Stored data:
....

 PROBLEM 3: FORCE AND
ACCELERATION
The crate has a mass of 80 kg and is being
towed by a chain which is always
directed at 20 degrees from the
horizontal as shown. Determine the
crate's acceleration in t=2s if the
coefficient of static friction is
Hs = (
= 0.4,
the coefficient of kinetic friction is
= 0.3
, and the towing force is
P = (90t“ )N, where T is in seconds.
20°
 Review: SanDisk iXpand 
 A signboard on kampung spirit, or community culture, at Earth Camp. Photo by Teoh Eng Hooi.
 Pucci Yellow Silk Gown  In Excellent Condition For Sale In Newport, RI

....

=== Action item ===
Retype, without changes, the lines from the line holding "towed by a chain which is always" to the end of the data, both ends included.

=== Answer section ===
towed by a chain which is always
directed at 20 degrees from the
horizontal as shown. Determine the
crate's acceleration in t=2s if the
coefficient of static friction is
Hs = (
= 0.4,
the coefficient of kinetic friction is
= 0.3
, and the towing force is
P = (90t“ )N, where T is in seconds.
20°
 Review: SanDisk iXpand 
 A signboard on kampung spirit, or community culture, at Earth Camp. Photo by Teoh Eng Hooi.
 Pucci Yellow Silk Gown  In Excellent Condition For Sale In Newport, RI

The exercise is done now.